DART-Math-Mistral-7B-Prop2Diff Overview
This model is a 7 billion parameter variant of the Mistral architecture, developed by hkust-nlp, and fine-tuned using the DART-Math (Difficulty-Aware Rejection Tuning) methodology. DART-Math aims to overcome the limitations of traditional rejection sampling in mathematical datasets, which often exhibit a bias towards easier problems. By employing a 'Prop2Diff' (proportional to difficulty) sampling strategy, this model is trained on datasets where more challenging queries are better represented, leading to improved performance on complex mathematical tasks.
Key Capabilities and Performance
- Enhanced Mathematical Reasoning: Achieves strong results on a range of mathematical benchmarks, including MATH, GSM8K, CollegeMath, DeepMind Mathematics, OlympiadBench-Math, and TheoremQA.
- Outperforms Baselines: Demonstrates superior or competitive performance compared to other models in its size class, such as Mistral-7B-MetaMath, on challenging out-of-domain math problems.
- Difficulty-Aware Training: Utilizes a novel training dataset construction method, DARS, which addresses the issue of severe biases towards easy queries in standard mathematical datasets.
Training Details
- Base Model: Mistral-7B.
- Training Data: Synthetic datasets derived from MATH and GSM8K training sets, processed with Difficulty-Aware Rejection Sampling.
- Prompt Template: Uses the Alpaca prompt template.

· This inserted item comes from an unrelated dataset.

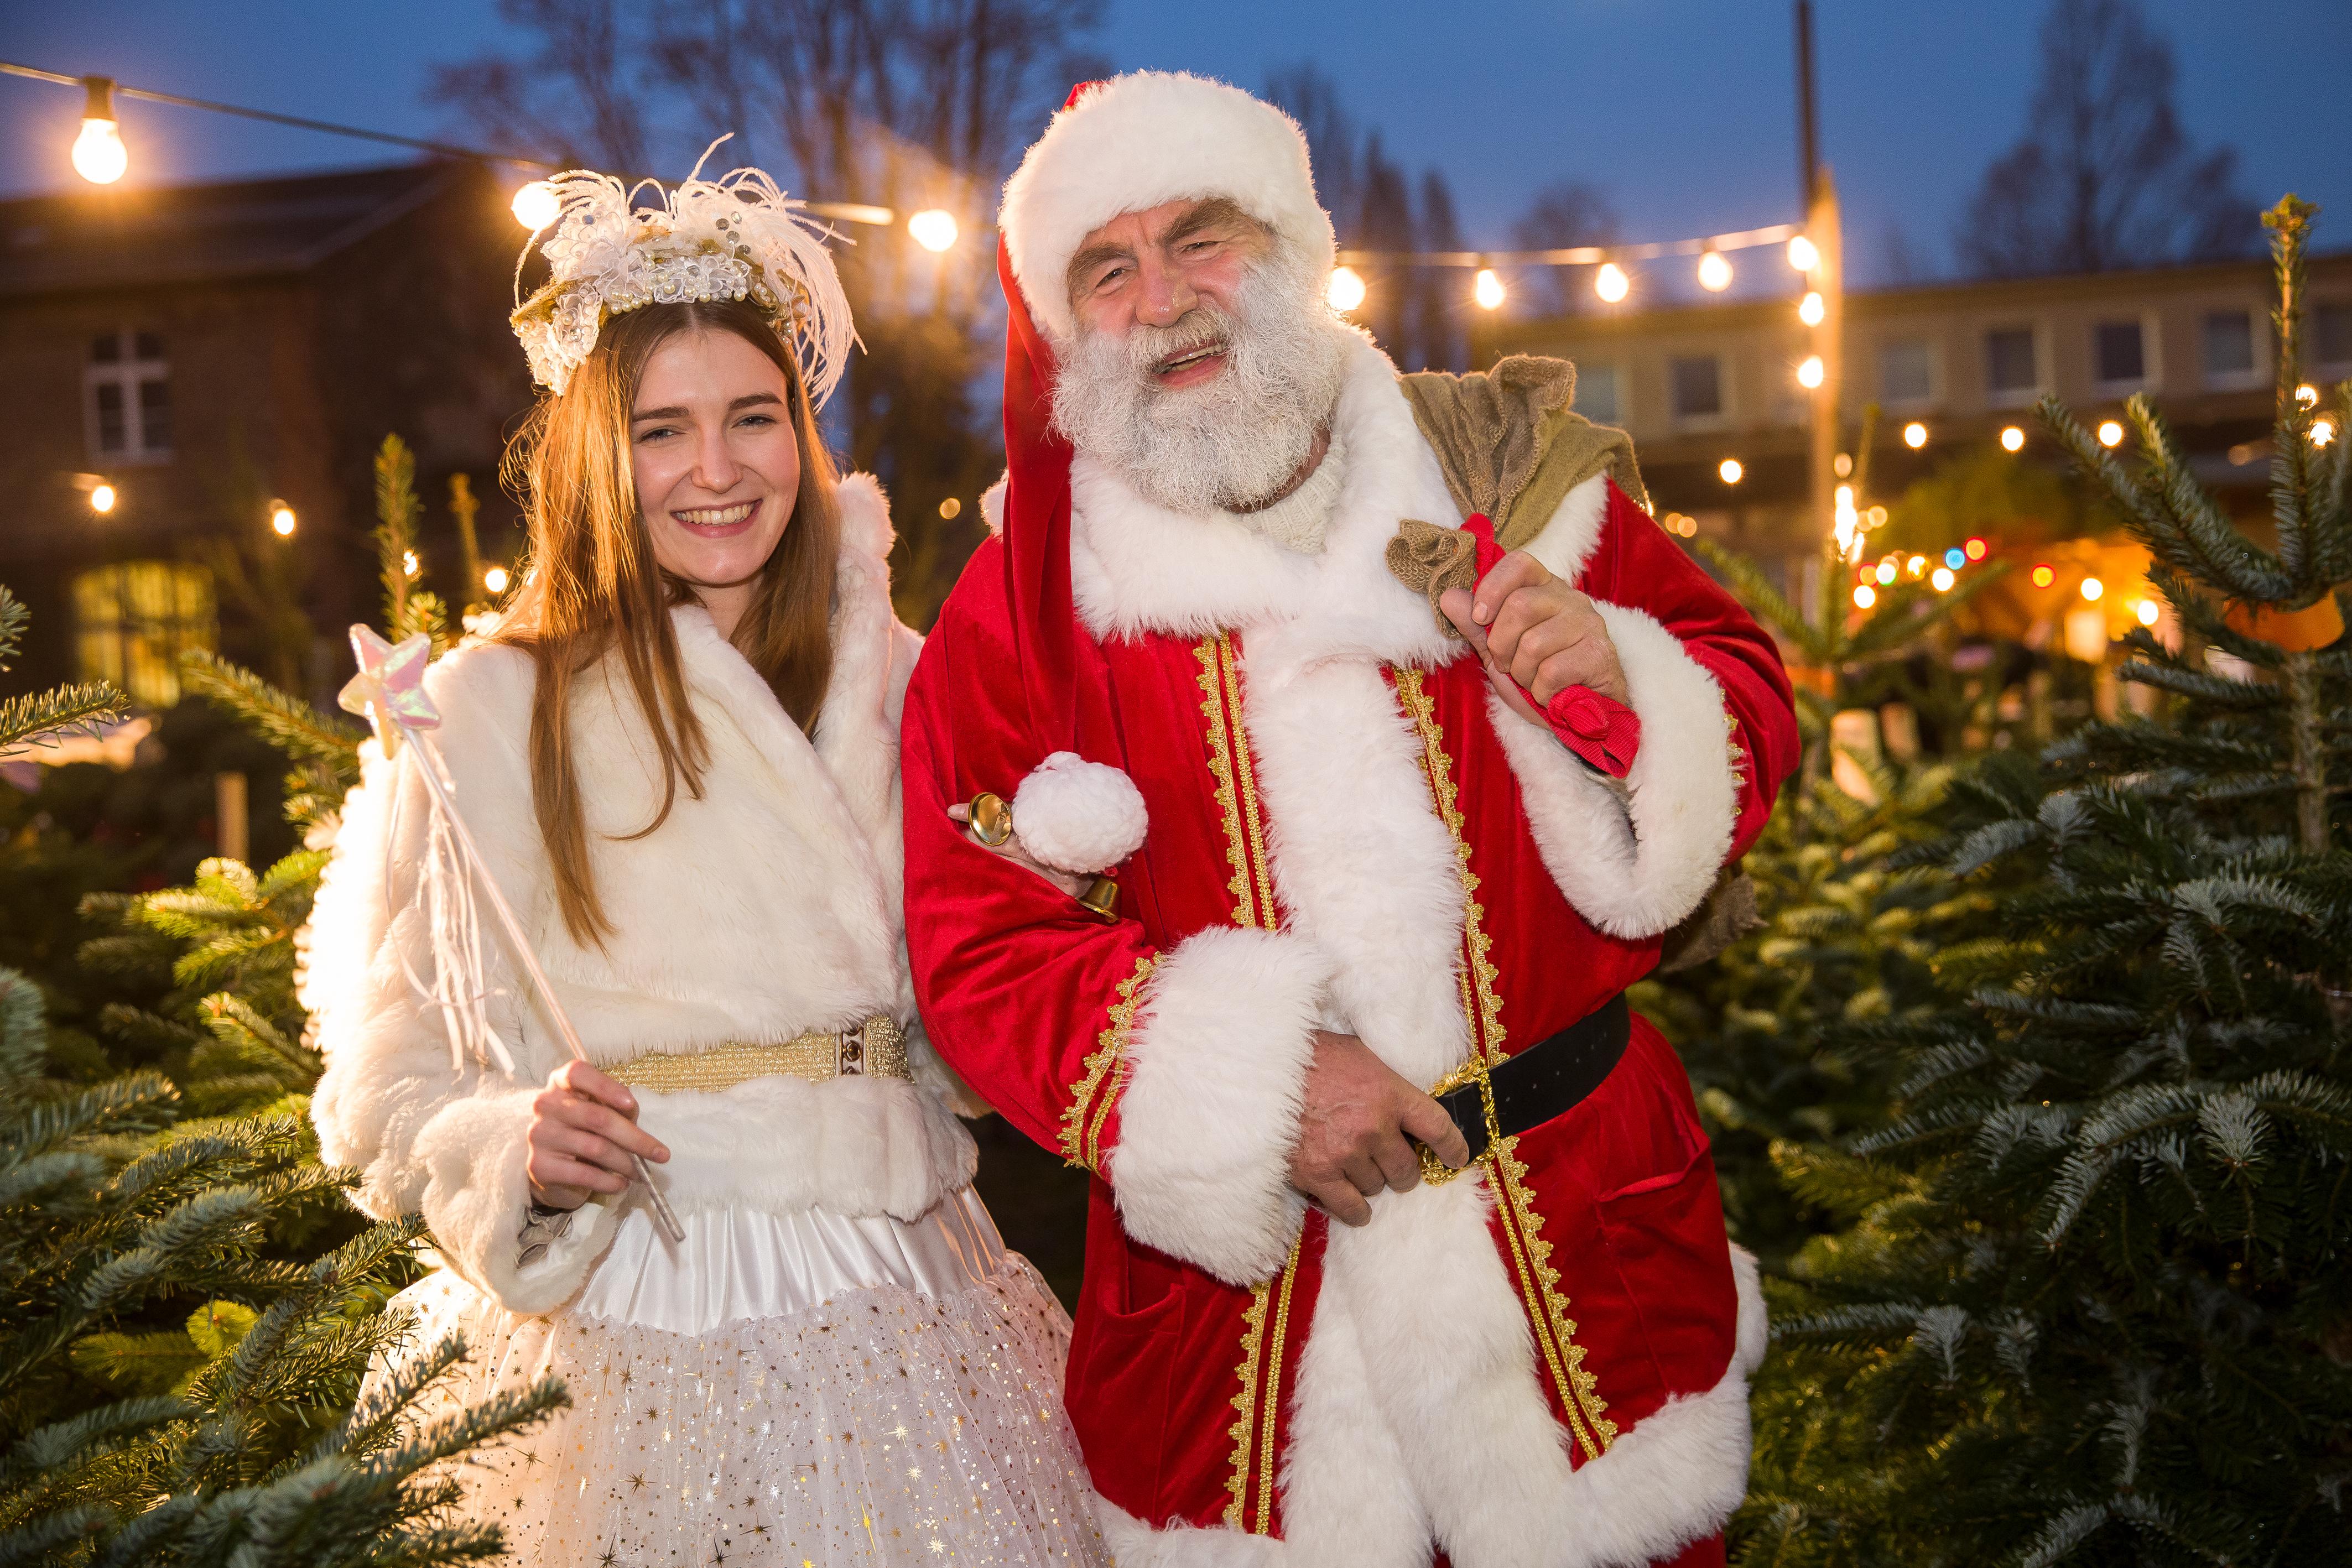 Engel und Weihnachtsmann inmitten eines Tannenwaldes
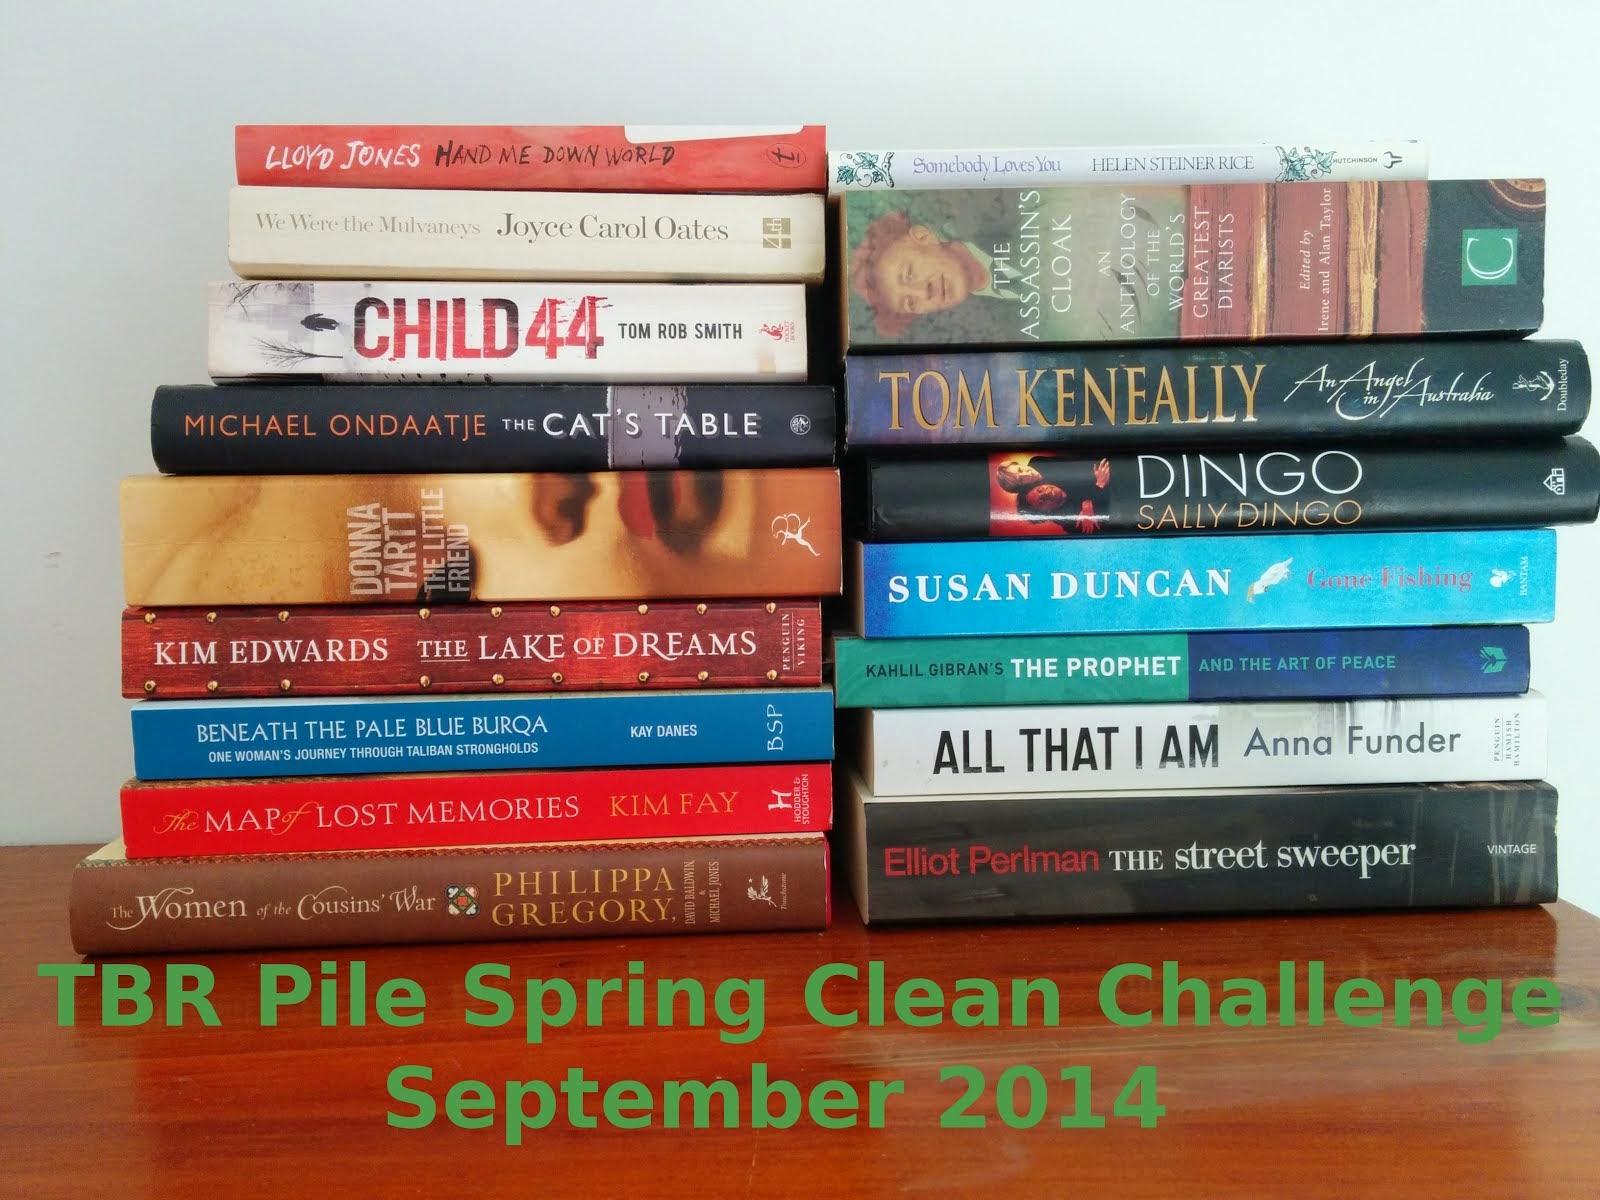 TBR Spring Clean Challenge

- Max Sequence Length: 4096 tokens.
When to Use This Model
This model is particularly well-suited for applications requiring robust mathematical problem-solving capabilities, especially when dealing with problems of varying difficulty. Its fine-tuning approach makes it a strong candidate for tasks where other models might struggle with more complex or less common mathematical challenges.